Thanks RR, but OMG, I couldn't sit around wearing Jammies all day... I get dressed as soon as I've had a  shower in the morning... never can understand the jammies thing some people can wear all day....


----------



## Pinky (Dec 24, 2018)

Gary, you've touched my heart .. you are a Mensch of the highest order.


----------



## Gary O' (Dec 24, 2018)

Pinky said:


> Gary, you've touched my heart .. you are a Mensch of the highest order.



Wy, thank you, kind lady

Had to look that word up, seemed Yiddish

I can't really claim 'the highest order' ranking (believe me) 
More Grinch than Mensch

However

I do believe we all have a bit o' Mensch in us

And when employed

The reward coming back is tenfold 

A definite feel good

warms even the oldest of ol' souls


----------



## Sunny (Dec 24, 2018)

My family is very close emotionally, but pretty scattered location-wise. Most of the grandkids are grown by now, so even they are scattered all over the country.  We all got together here for Thanksgiving,
my son put up his tree and we all decorated it, and exchanged most of our gifts, figuring that being there in person was more important than what date it was.

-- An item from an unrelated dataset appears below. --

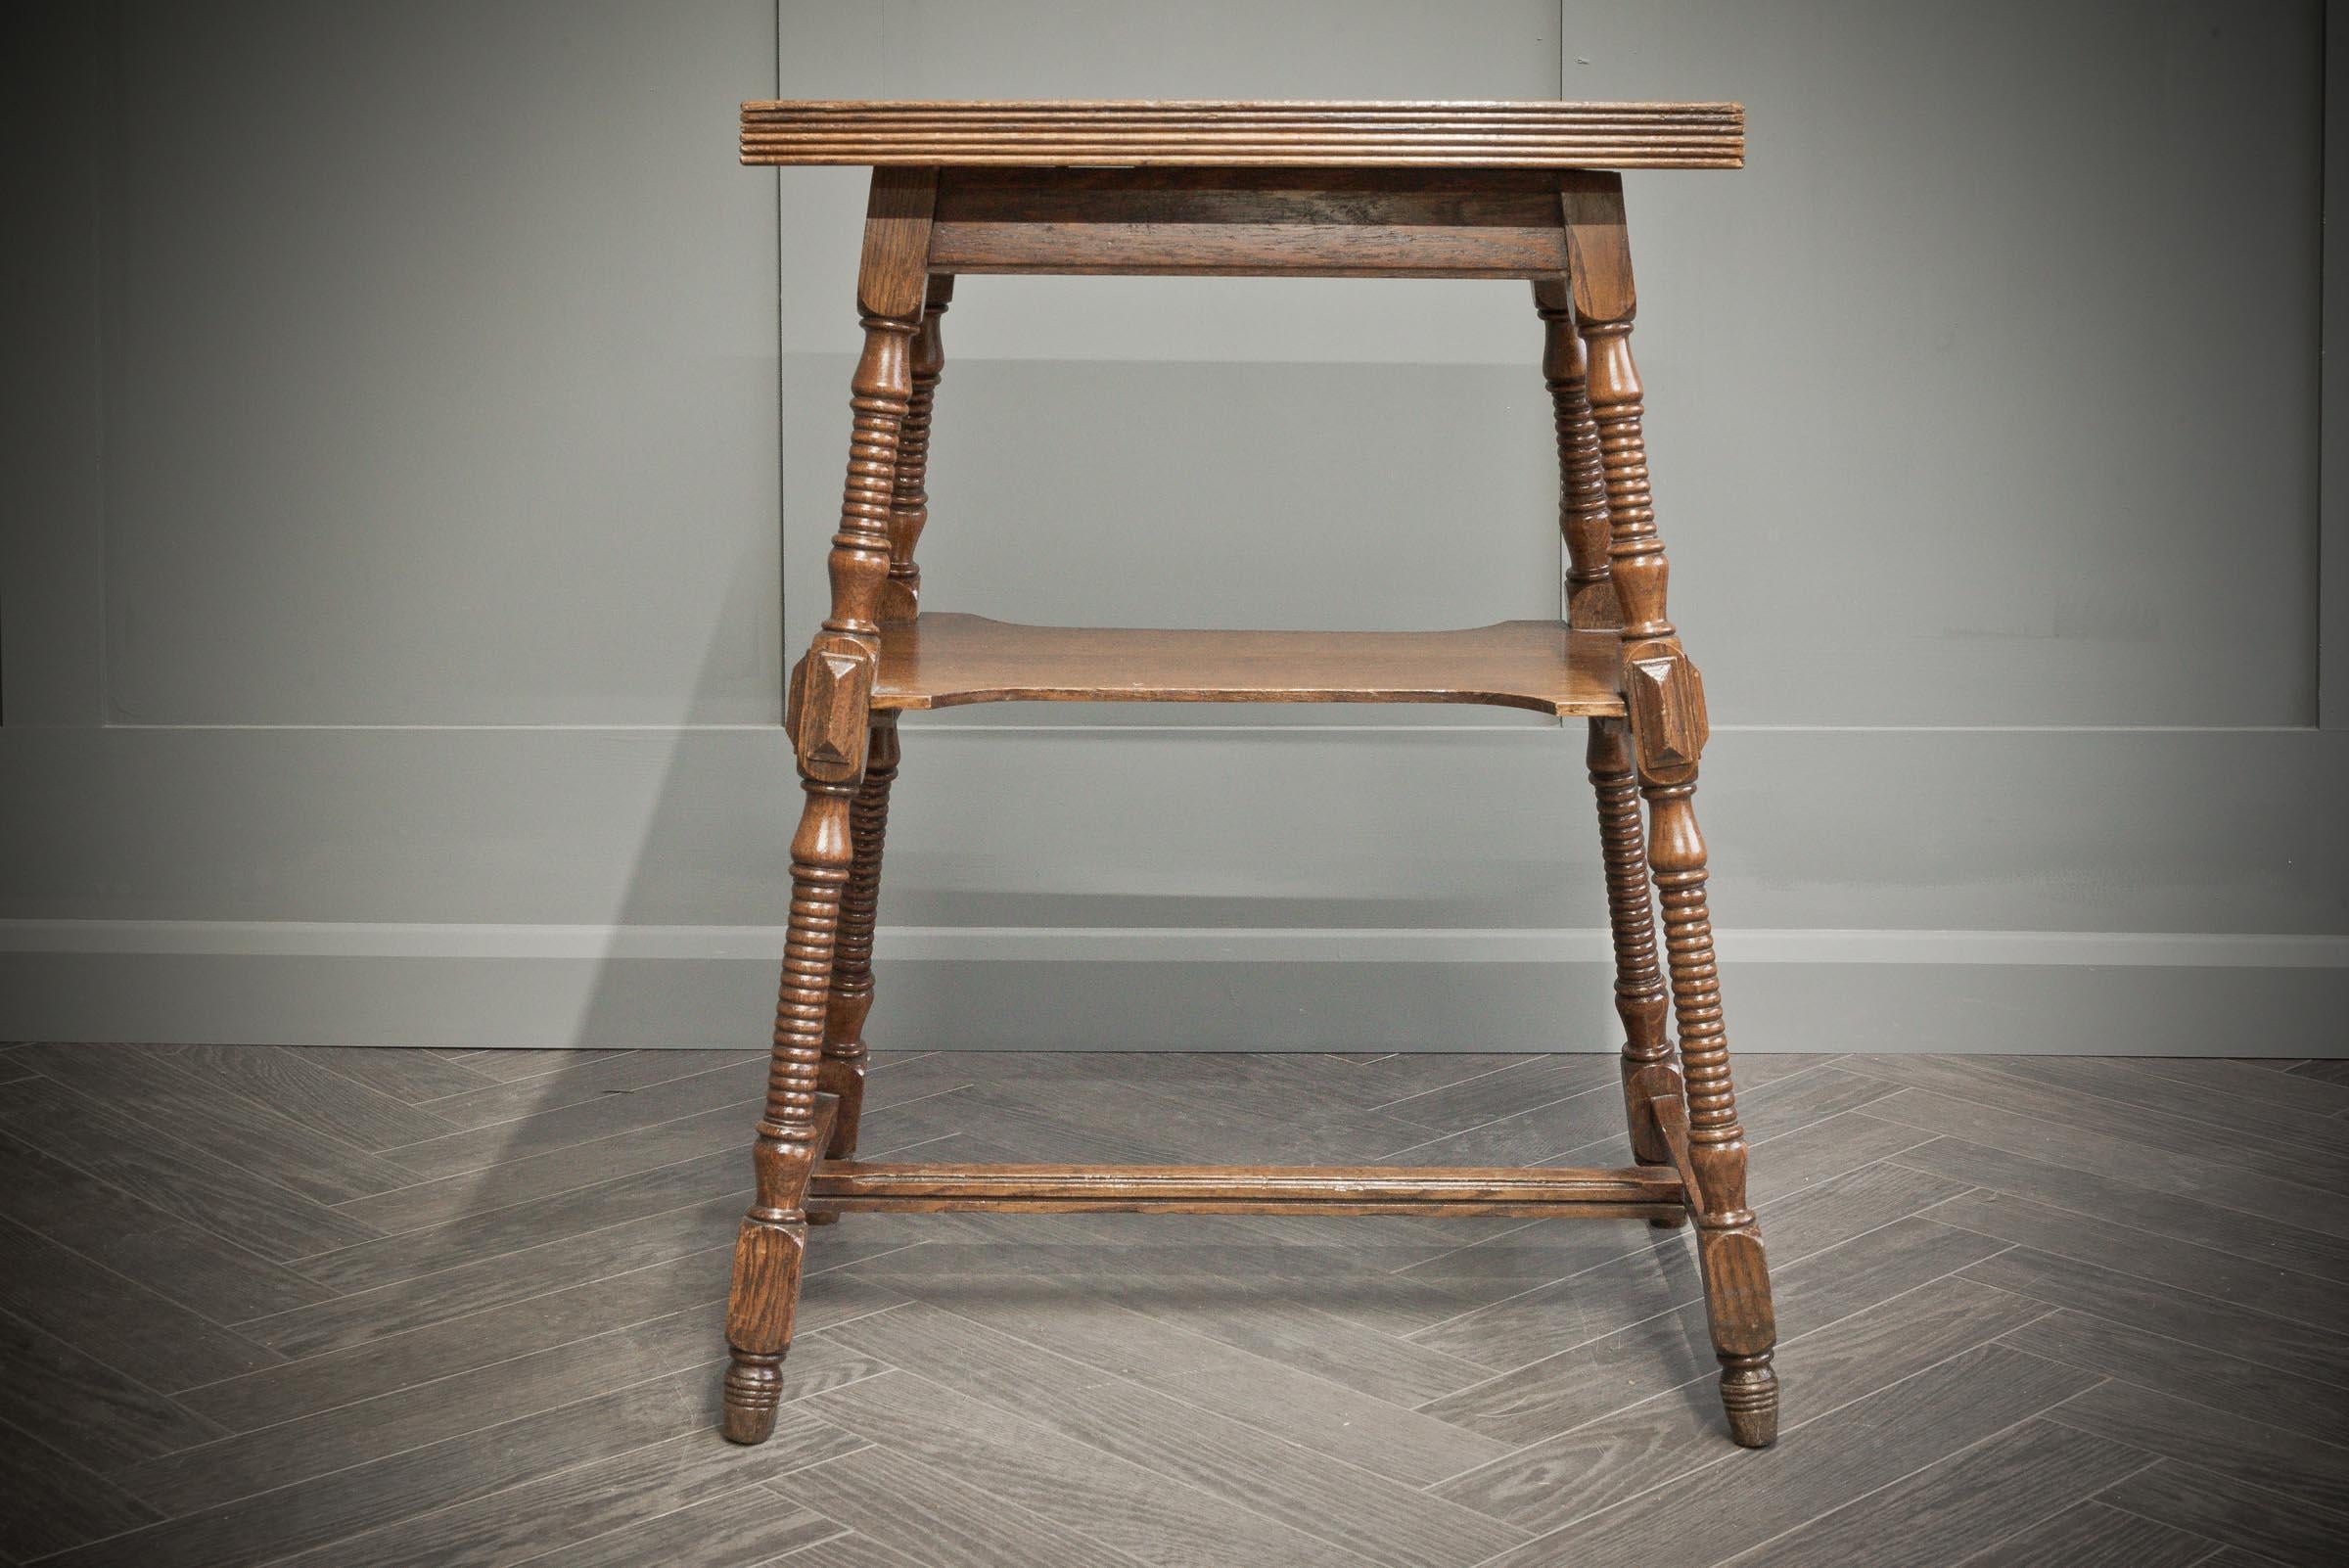 One of a kind metamorphic swivel top oak table with dark and light grains running through the wood. The table top swivels to reveal a storage compartment underneath. The table has four beautifully detailed legs with textured carvings.

In addition, we have a family Xmas gift exchange, where we draw names, and everyone gets a nice gift for one other family member. In addition, we give gifts on Xmas to our closest relatives (parents, children, spouses, etc.)  We all celebrate the holiday wherever we are, with those who are closest. My son (divorced), grandson, and I always get together for a nice, elegant lunch at one of our homes.  One daughter and her husband are visiting their son and his girlfriend in New York, enjoying the city. The other daughter and her family are doing their Xmas "thing" in California, which mainly consists of musical performances, as they are musicians.  

Families do find ways of remaining close in spite of physical distance, if they want to... partly thanks to Skype, texting, and even old-fashioned phone calls.


----------